LEWISTON – Twin Cities bus service could run later into the night and on Saturdays, according to plans presented to city councilors Wednesday.
Transportation planner Tom Crikelair presented three options for boosting ridership on the Lewiston-Auburn Transit Committee’s CityLink bus system to councilors from both cities Wednesday night.
“My job is to help you generate more benefits from the system for the money you have invested,” Crikelair said. “In other words, my mission to fix the system without additional money.”
First, he suggested changing bus service on each route from 30-minute schedules to 60 minutes. That would make the buses more efficient and reliable for riders.
“The buses you have now cannot complete their routes in 30 minutes,” he said. “When one bus runs late, it begins to fracture the entire system and people start missing connections. What people really want is reliability.”
Less frequent service would let the buses push into new areas – adding stops at Montello and Geiger elementary schools on Lewiston’s Main Street route and adding Hillview to the Sabattus Street route.
Crikelair’s plan calls for three options for improving service, each more expensive than the last. The low-cost option asks for an additional $119,000 per year for bus service. The next option calls for $285,000; the most expensive would cost $454,000. Once passenger fares and federal subsidies are subtracted and the costs are divided between the two cities, the least expensive option would add $25,000 to each city’s subsidy. The most expensive would cost each city an additional $102,000.

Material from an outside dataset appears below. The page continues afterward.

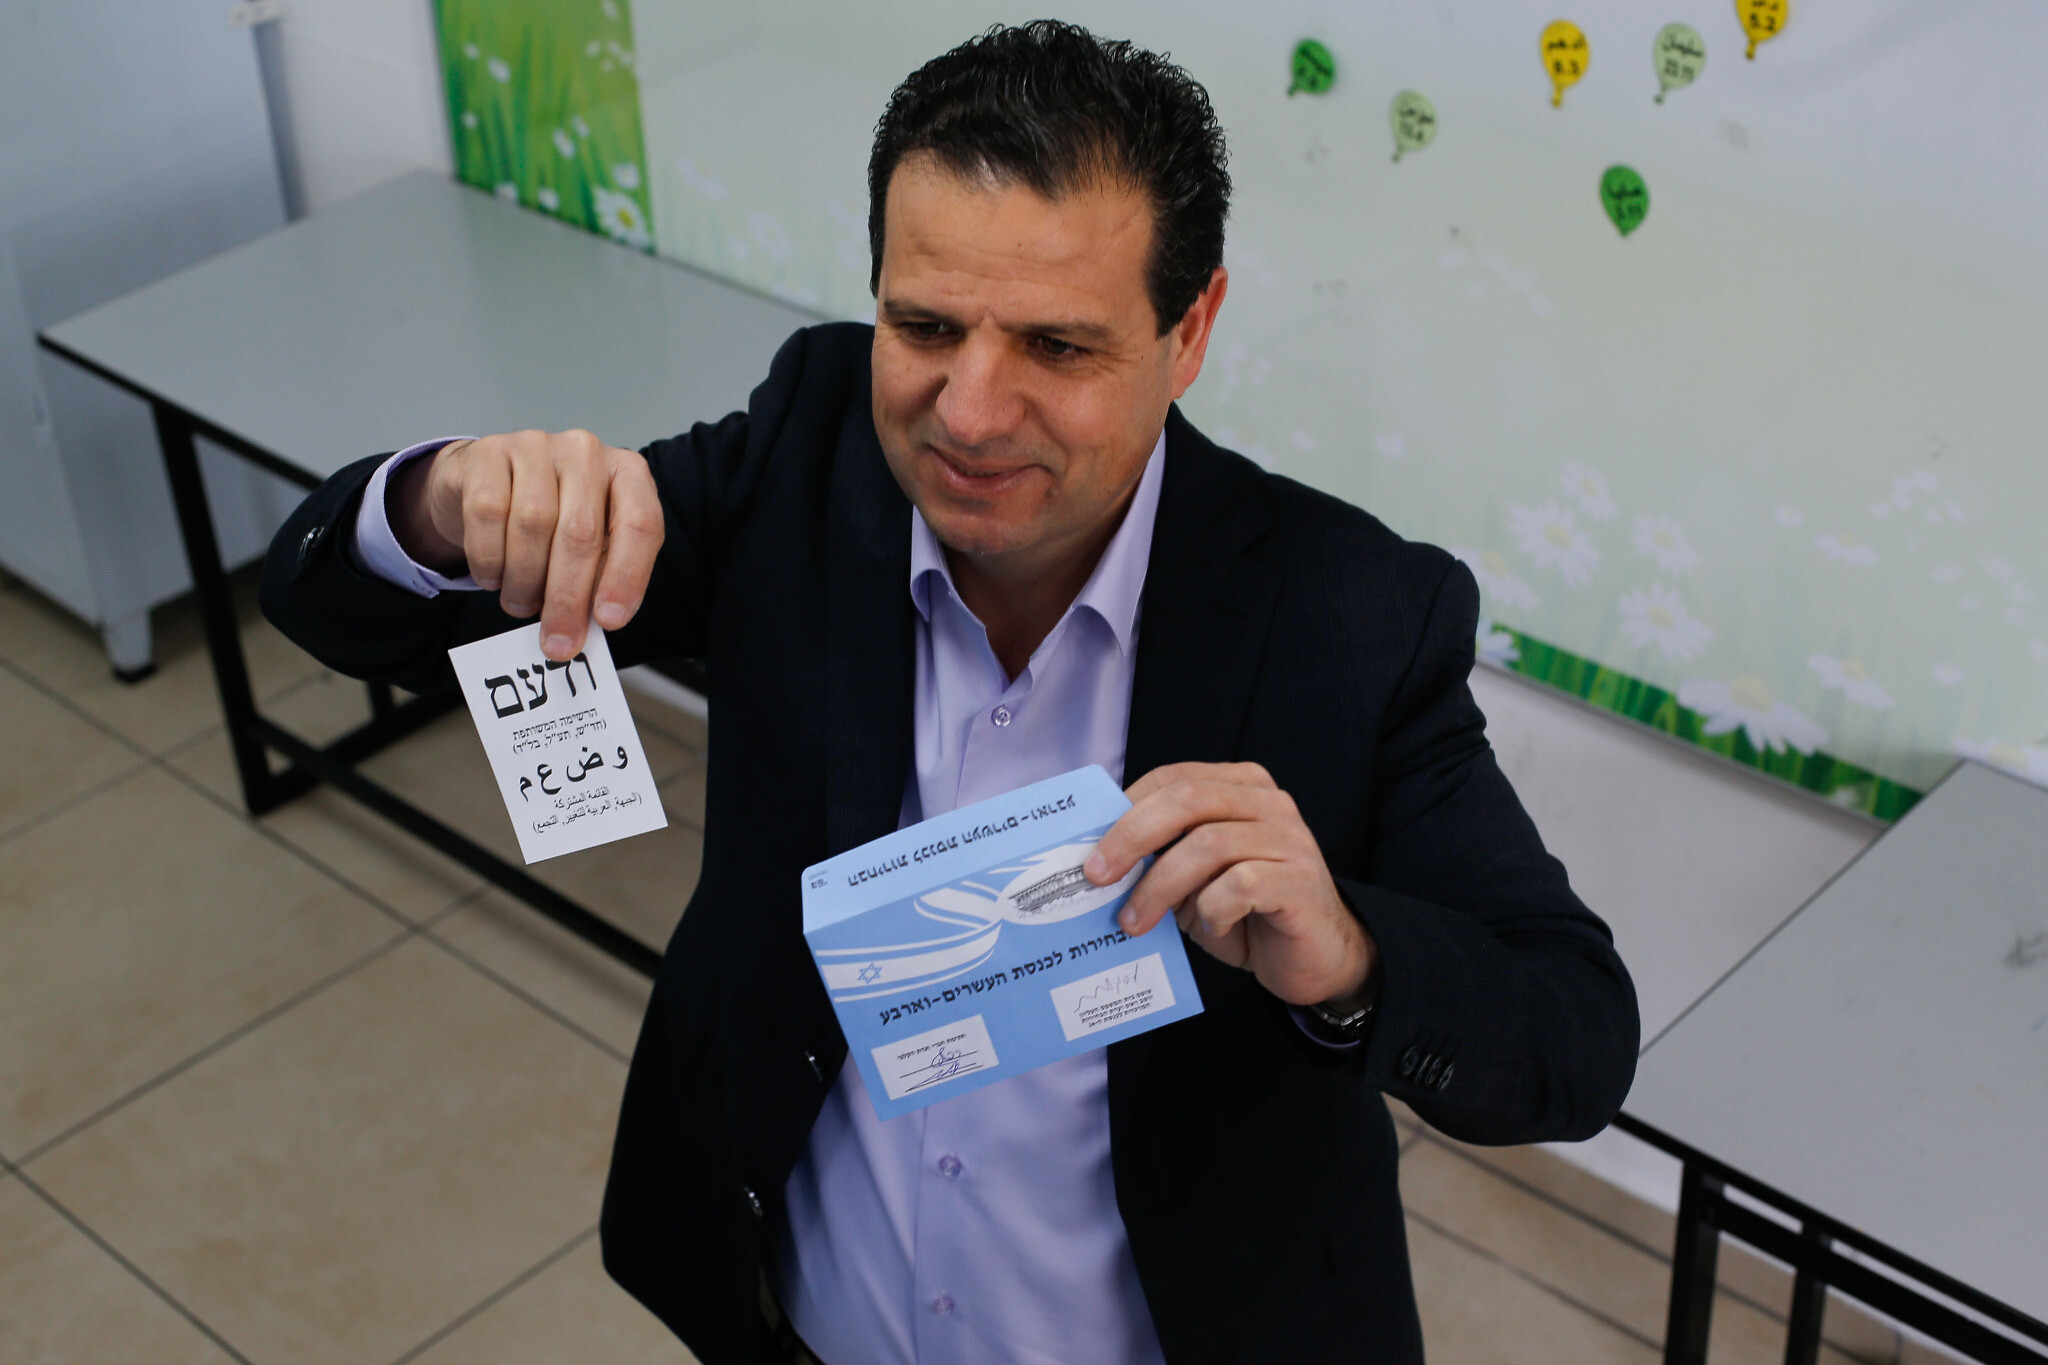 Joint List party leader Ayman Odeh casts his ballot at a voting station in Haifa during the Knesset elections, March 23, 2021. (Jamal Awad/Flash90)

But it would give the cities service until 9:30 p.m. on some routes, limited Saturday bus service and a free shopping shuttle between Wal-Mart, the Auburn Mall, Central Maine Community College and other stores along Center Street.
Crikelair also suggested creating a Medicaid pass program for riders who have more than three medical appointments per month. Those people typically use a medical van for transport, paid for by Medicaid. Bus systems can offer monthly passes to those passengers and have Medicaid cover their costs instead.
“The problem with the medical vans is that it’s one trip, to and from the doctor,” he said. “But these passengers want to do more. They want to go to the store and to other places, and this frees them up.”
That would decrease each city’s transit subsidy, he said.